● **Given information**:
*** Begin section ***
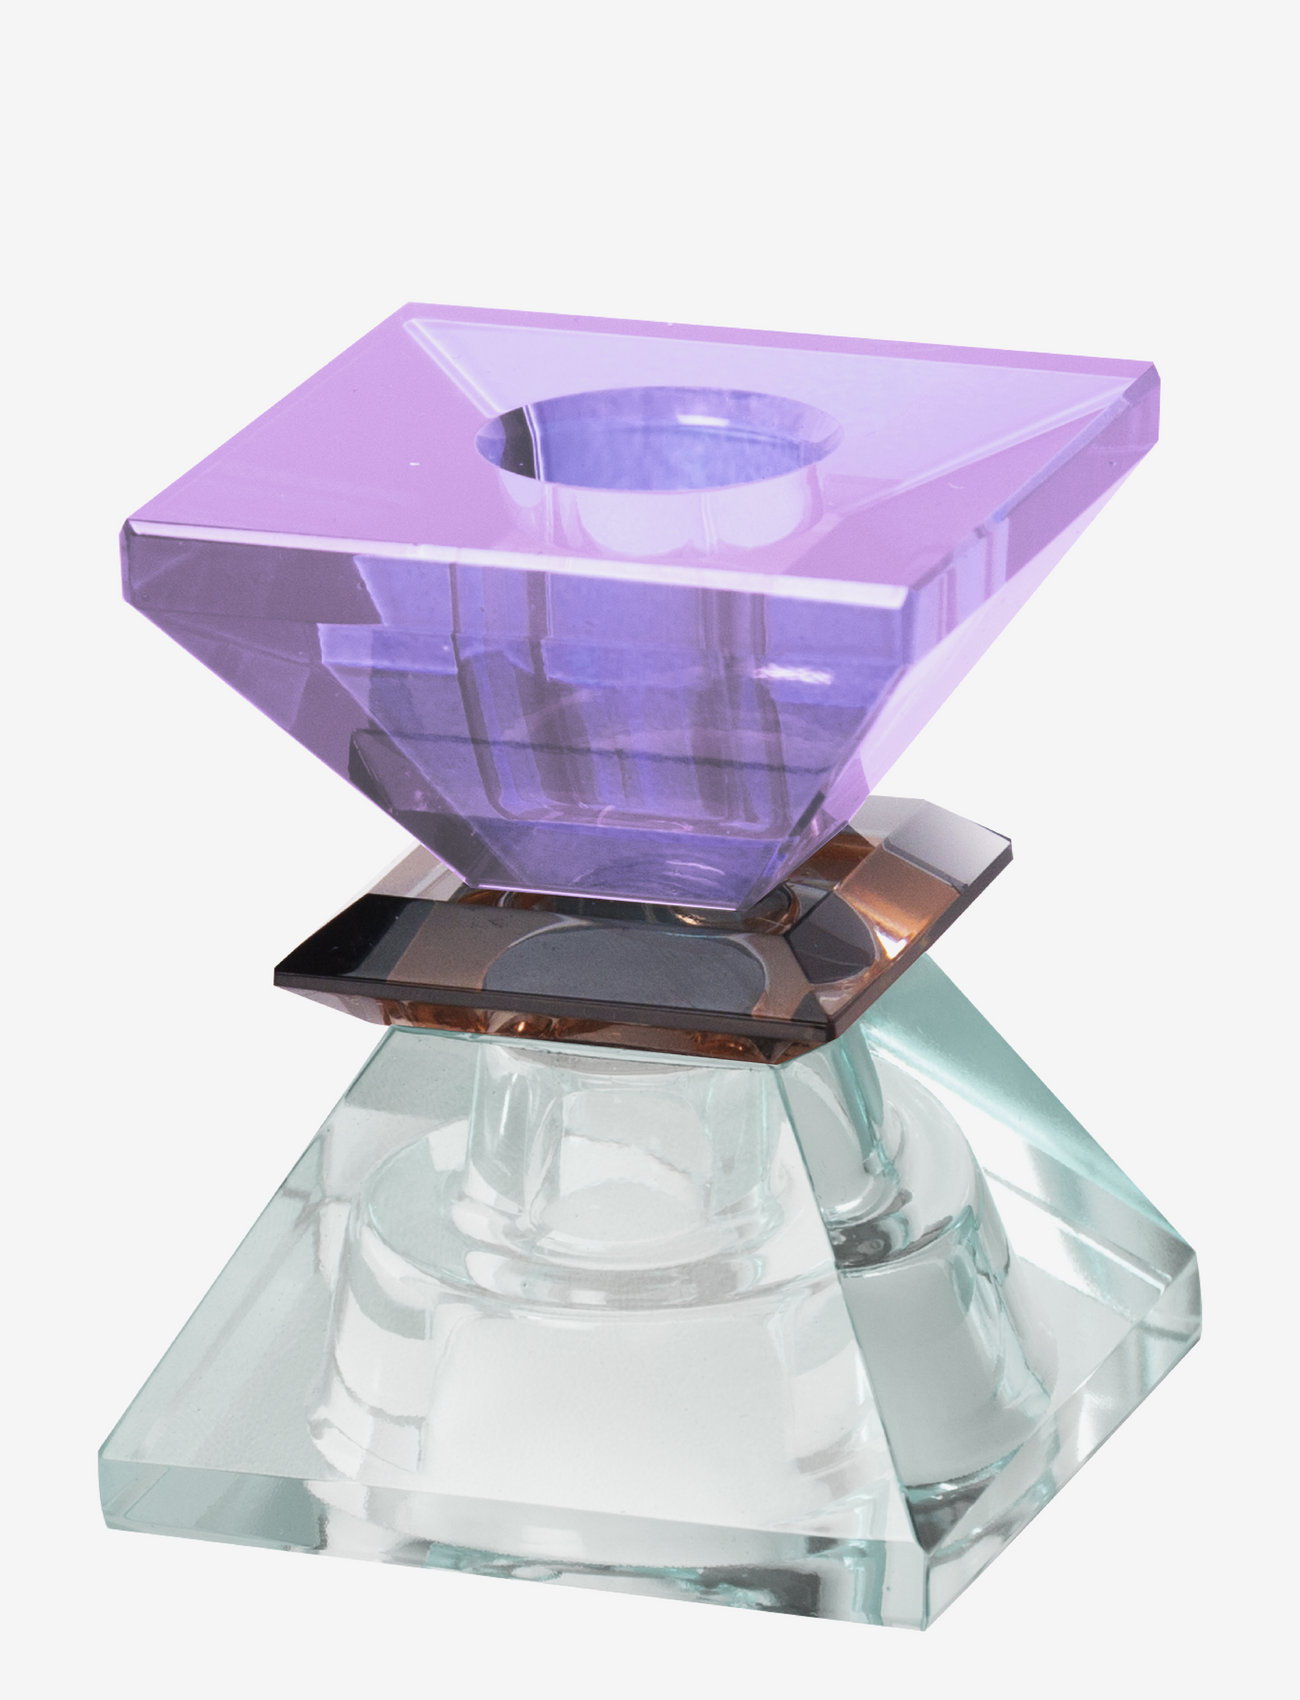 C'est Bon - Crystal candle holder - lowest prices - light mint/dark brown/violet - 1
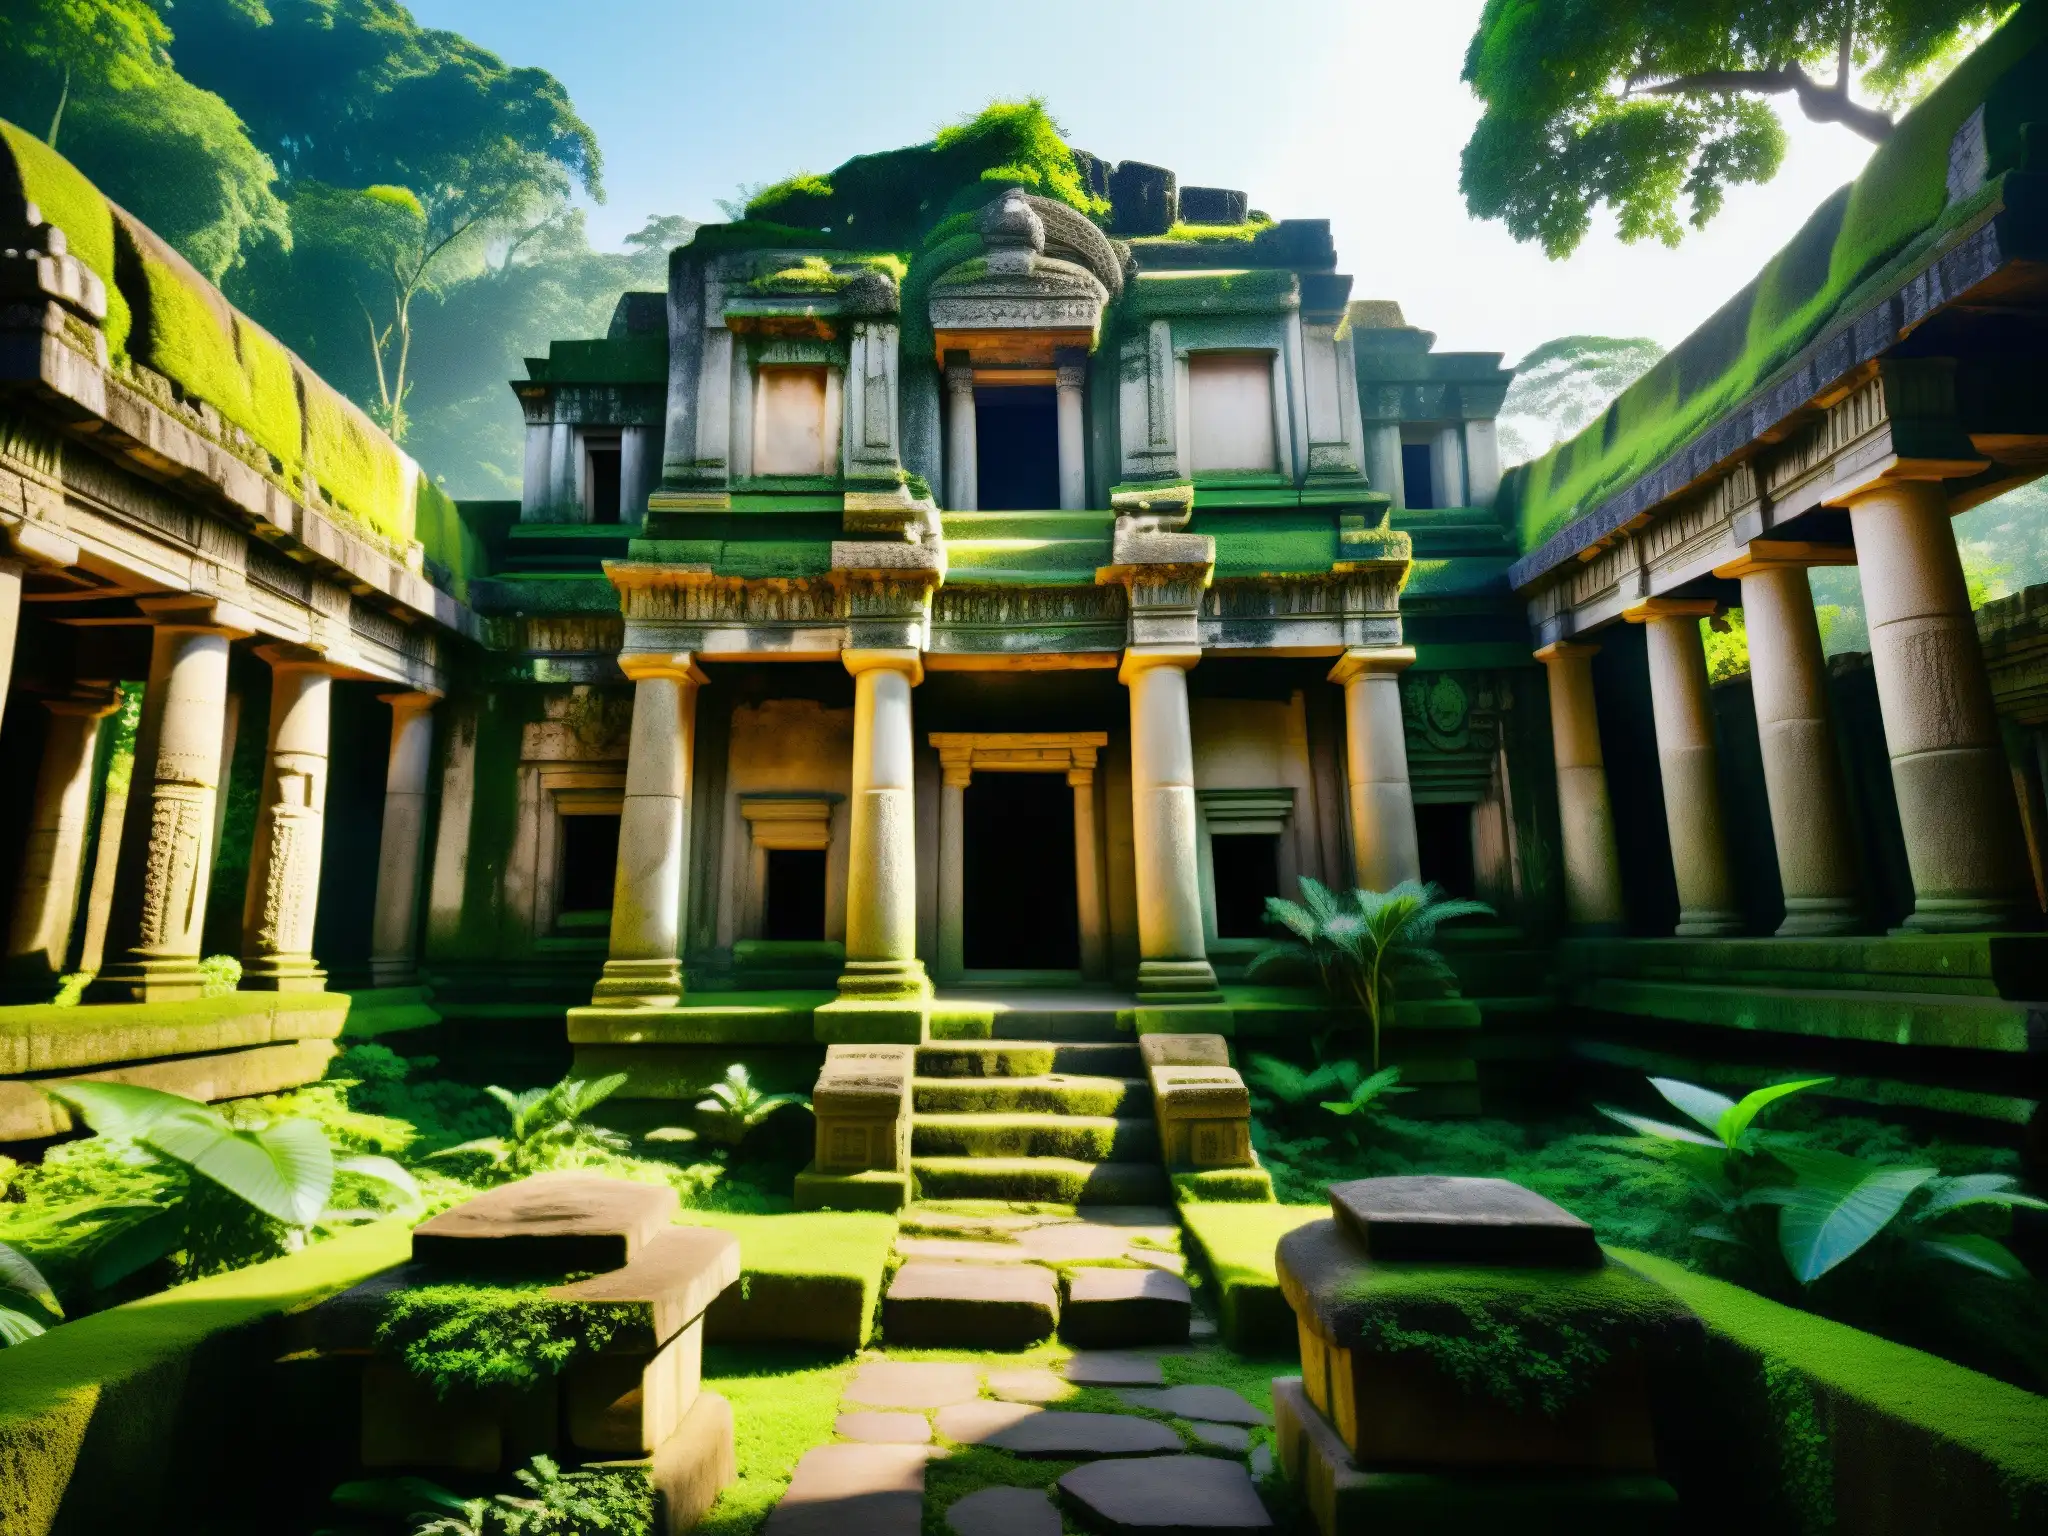 Ruinas del templo antiguo en la exuberante jungla, con carvings intrincados y piedra gastada
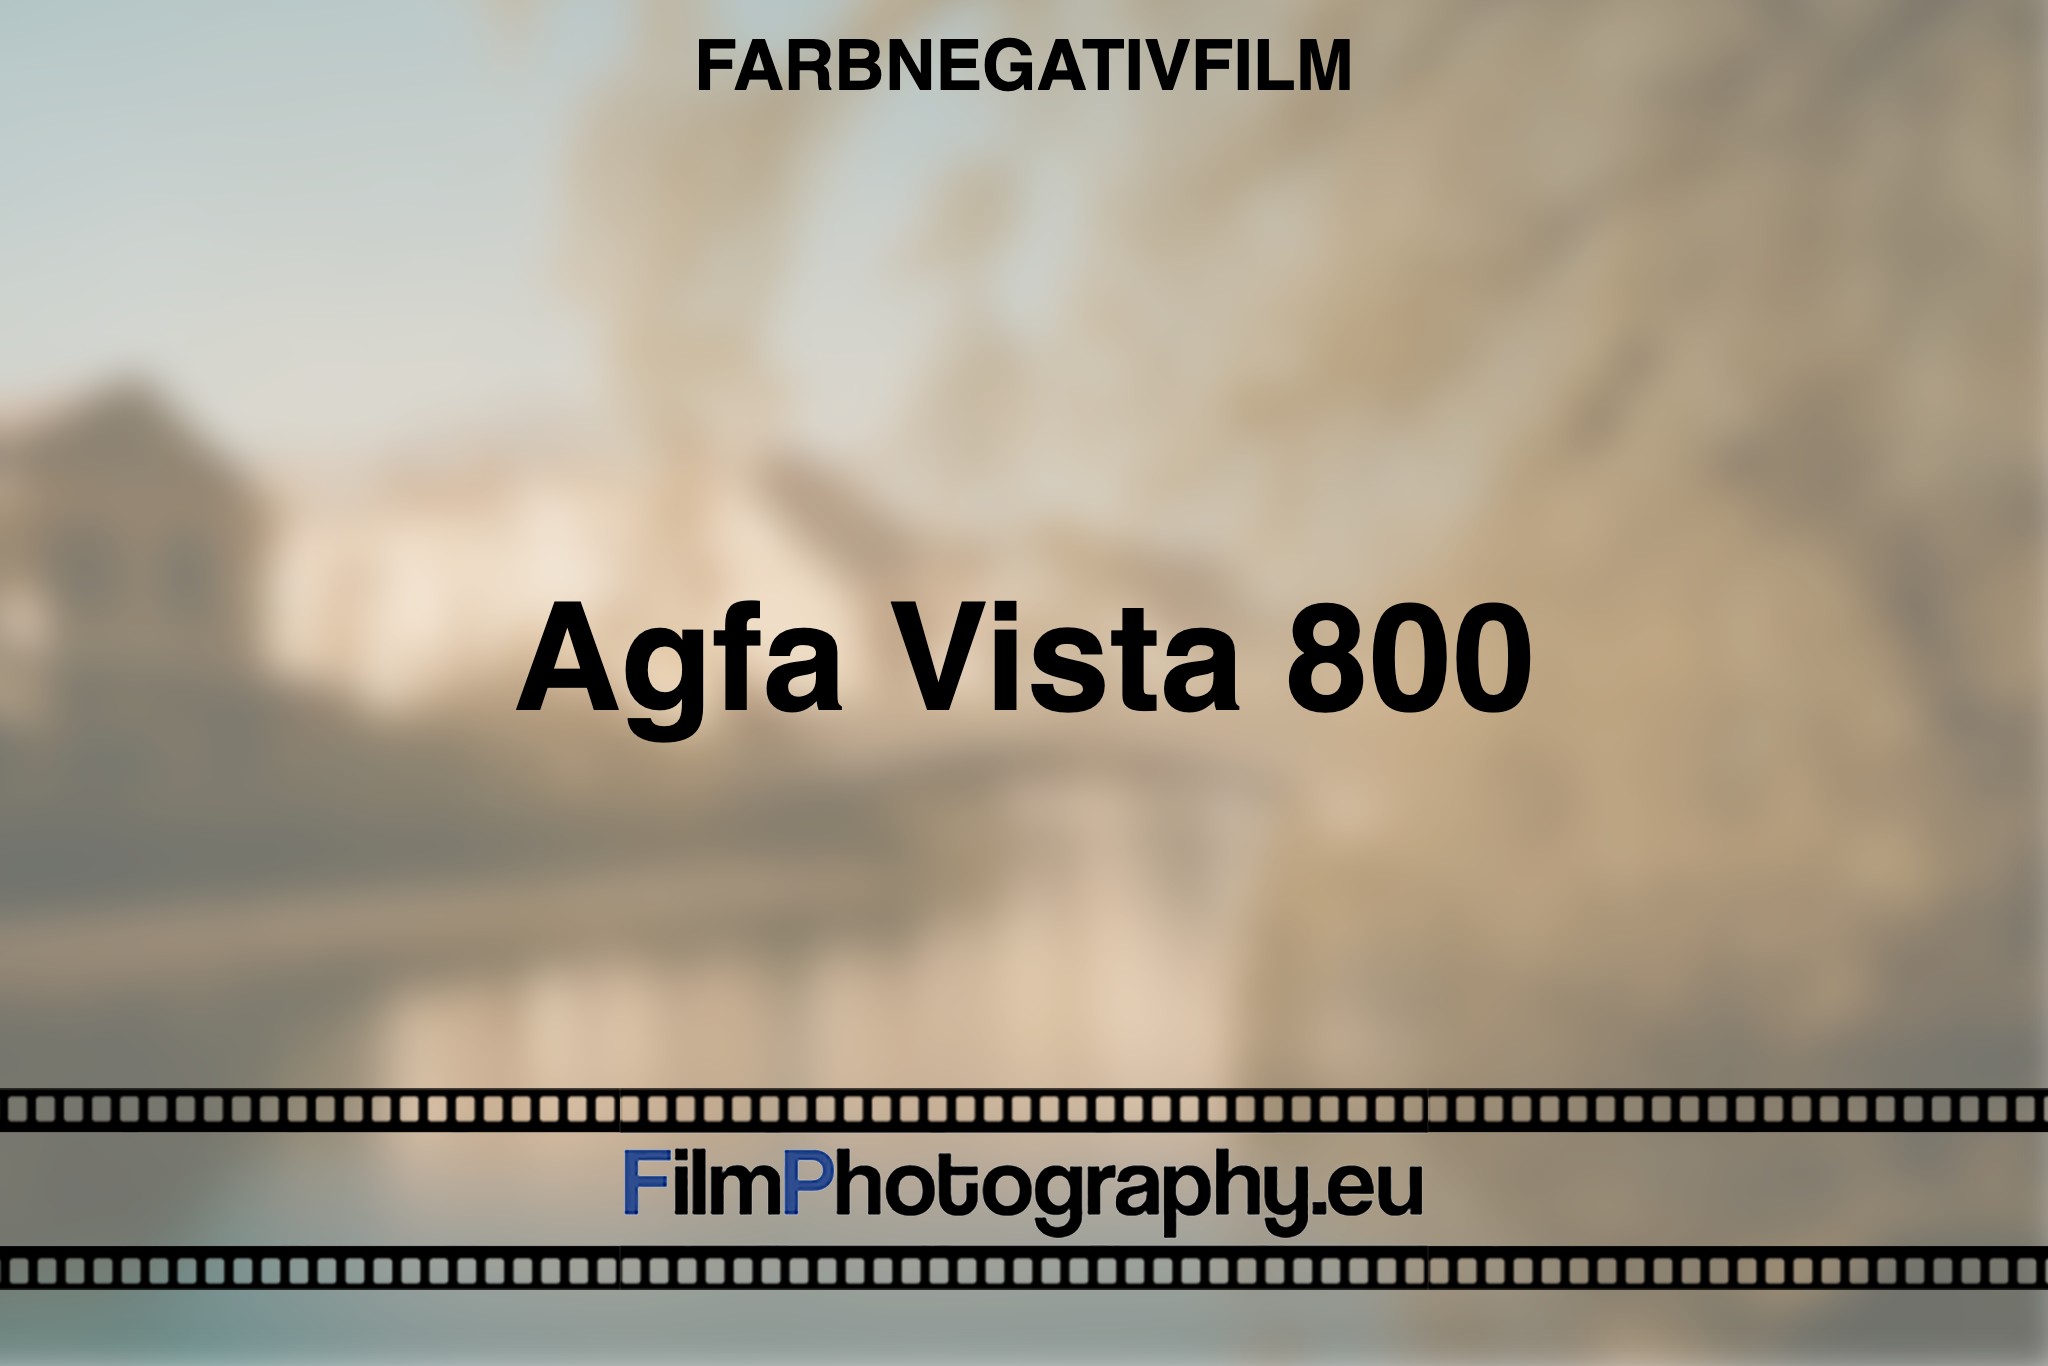 agfa-vista-800-farbnegativfilm-bnv
*** End section ***
Leave the pictures out and restate the listing word for word.

 C'est Bon - Crystal candle holder - lowest prices - light mint/dark brown/violet - 1
 Ruinas del templo antiguo en la exuberante jungla, con carvings intrincados y piedra gastada
 agfa-vista-800-farbnegativfilm-bnv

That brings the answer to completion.